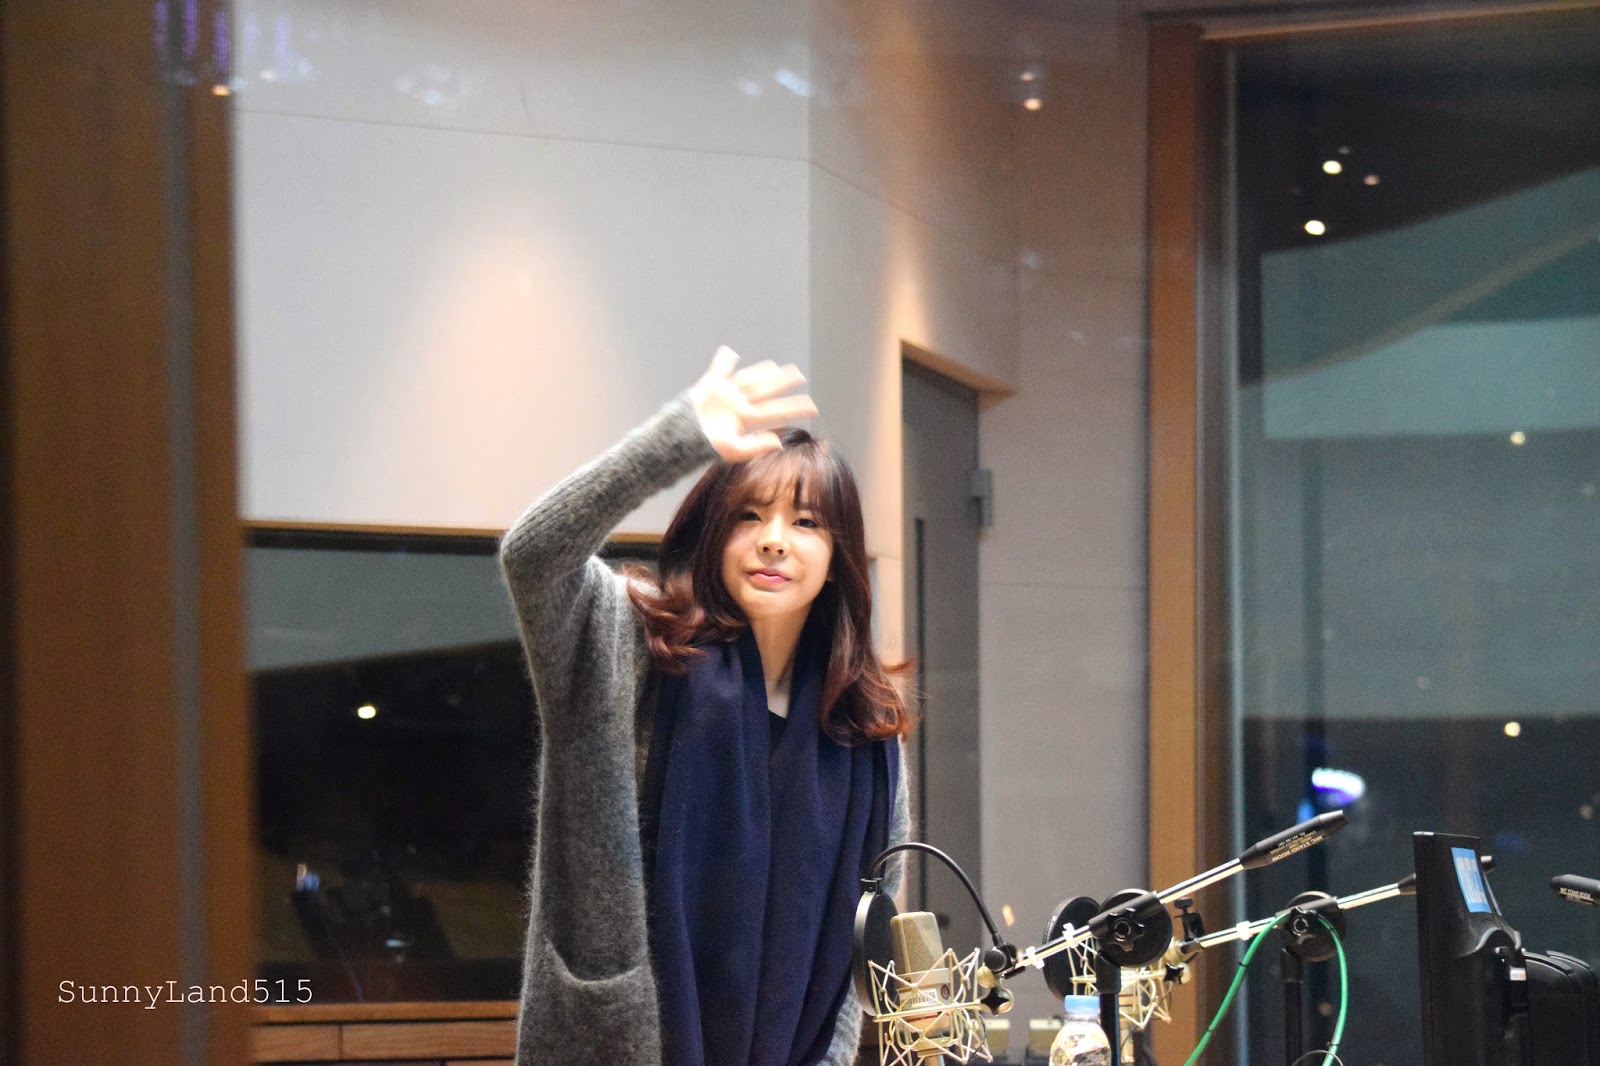 [OTHER][06-02-2015]Hình ảnh mới nhất từ DJ Sunny tại Radio MBC FM4U - "FM Date" - Page 10 DSC_0007_Fotor
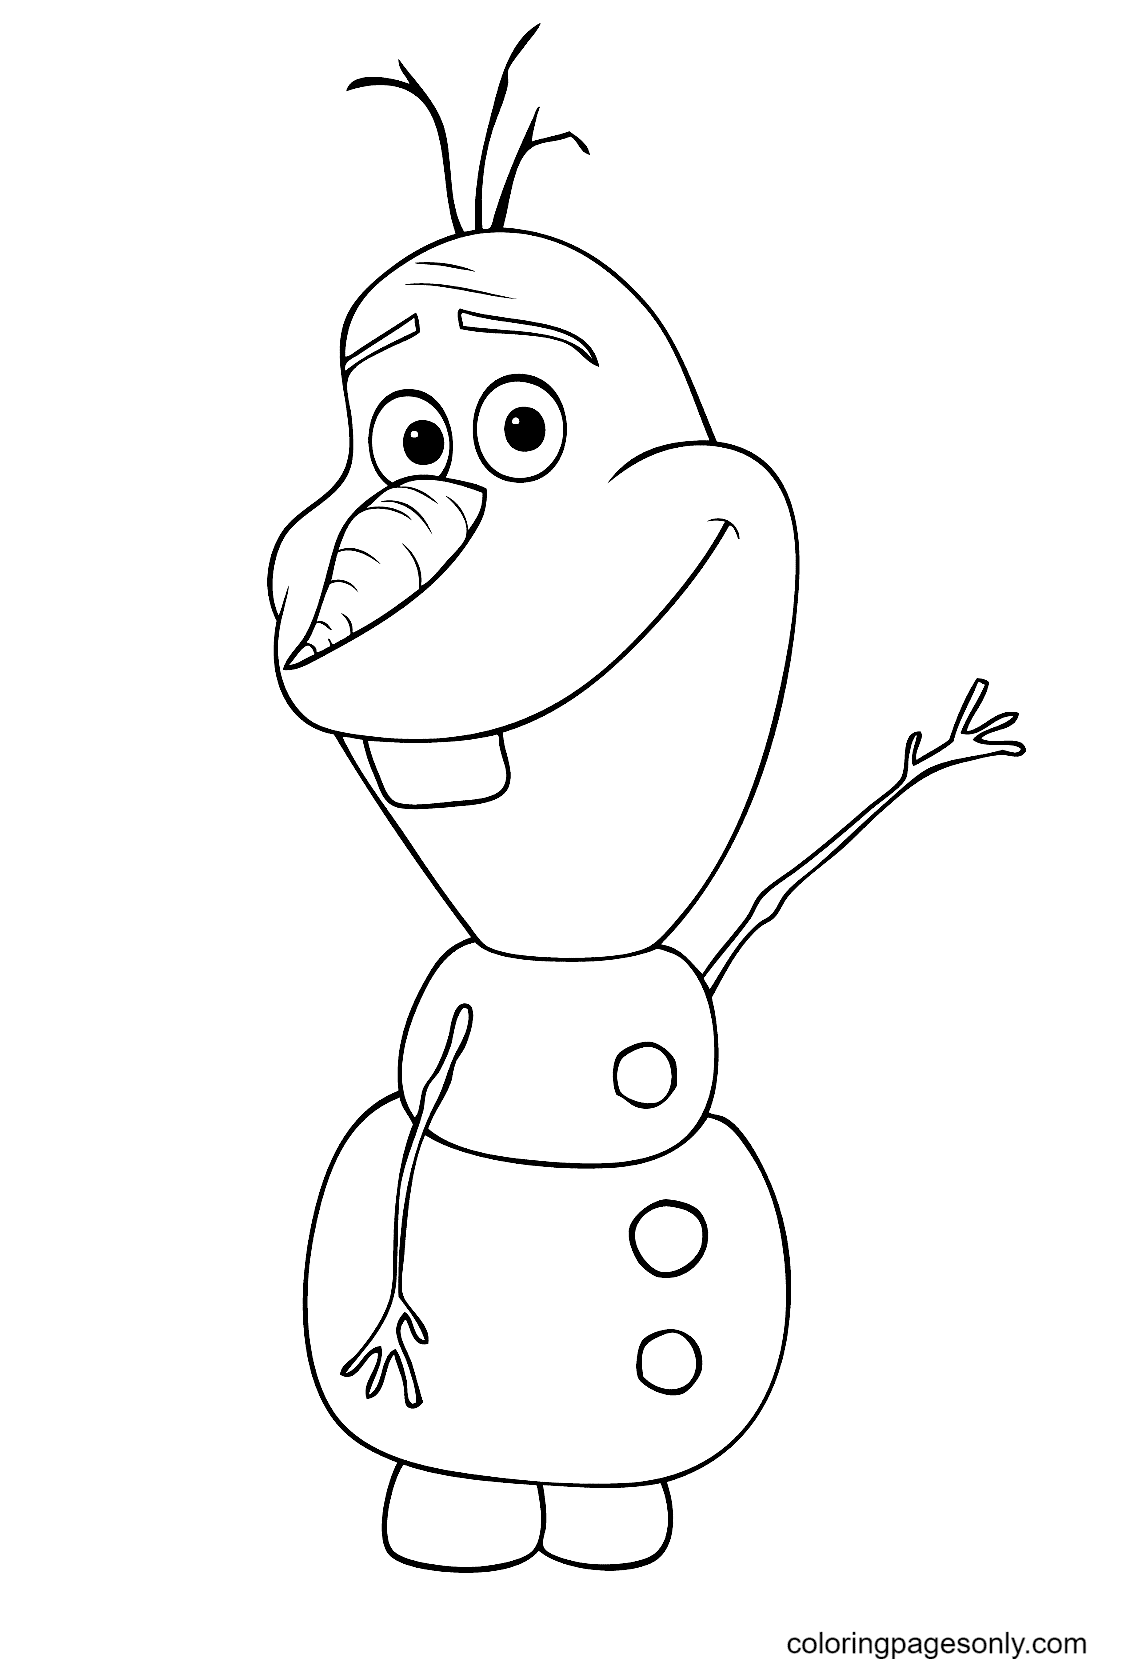 Il simpatico Olaf di Olaf
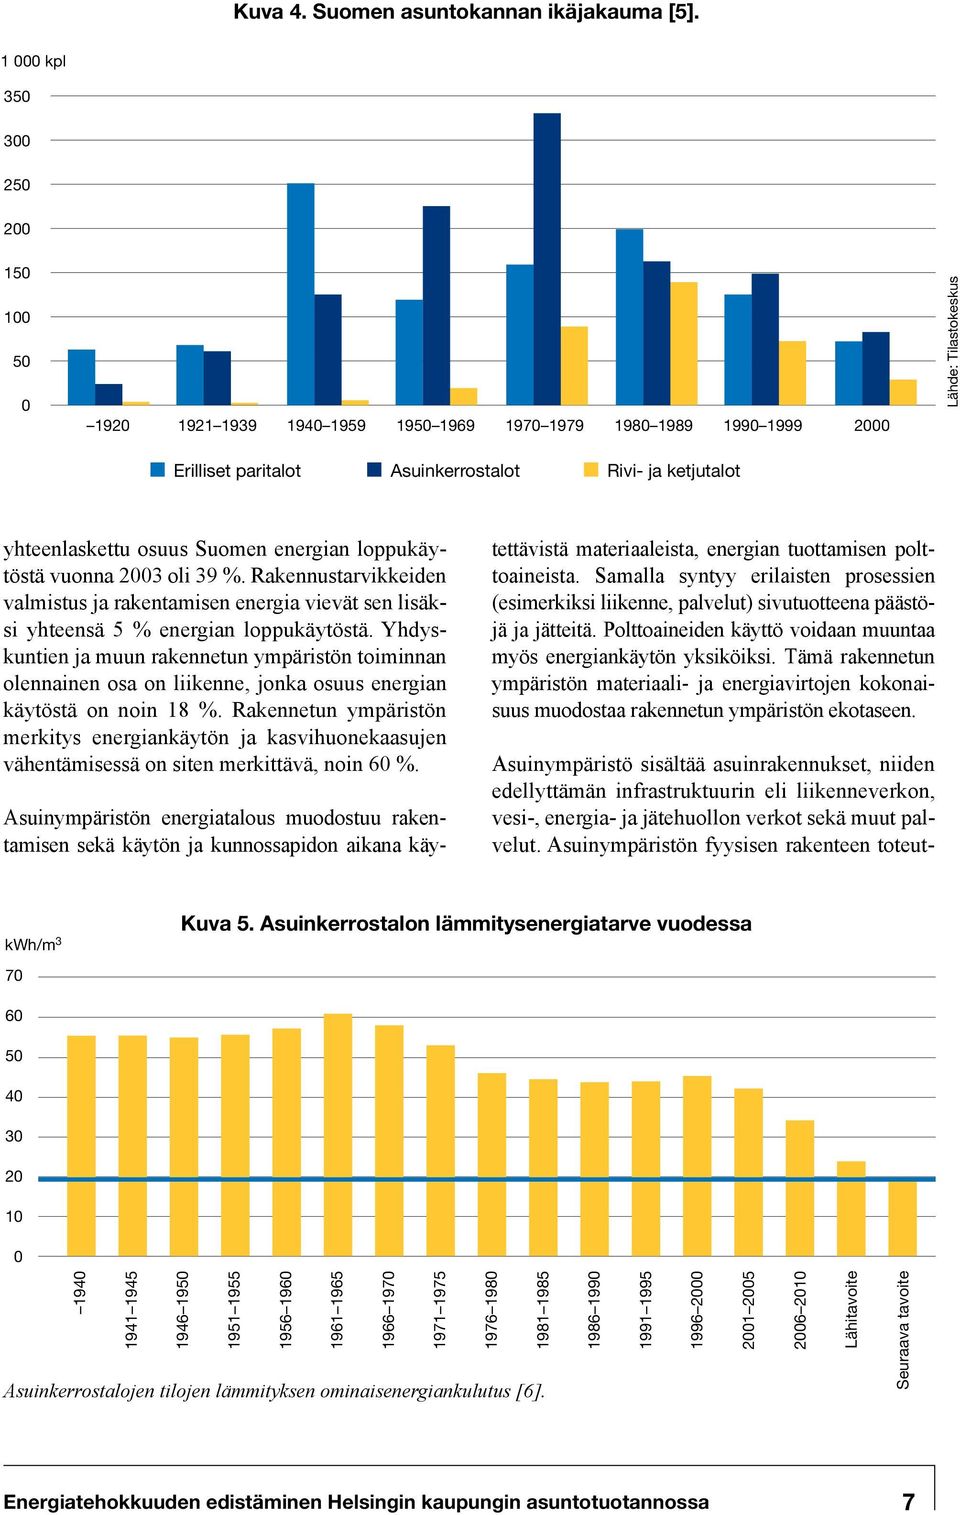 yhteenlaskettu osuus Suomen energian loppukäytöstä vuonna 2003 oli 39 %. Rakennustarvikkeiden valmistus ja rakentamisen energia vievät sen lisäksi yhteensä 5 % energian loppukäytöstä.

· · · · ·

:: PROBLEM DESCRIPTION ::
Omit all images when repeating the data above exactly.

:: WRITTEN RESPONSE ::
 [OTHER][06-02-2015]Hình ảnh mới nhất từ DJ Sunny tại Radio MBC FM4U - "FM Date" - Page 10 DSC_0007_Fotor
 Il simpatico Olaf di Olaf
 yhteenlaskettu osuus Suomen energian loppukäytöstä vuonna 2003 oli 39 %. Rakennustarvikkeiden valmistus ja rakentamisen energia vievät sen lisäksi yhteensä 5 % energian loppukäytöstä.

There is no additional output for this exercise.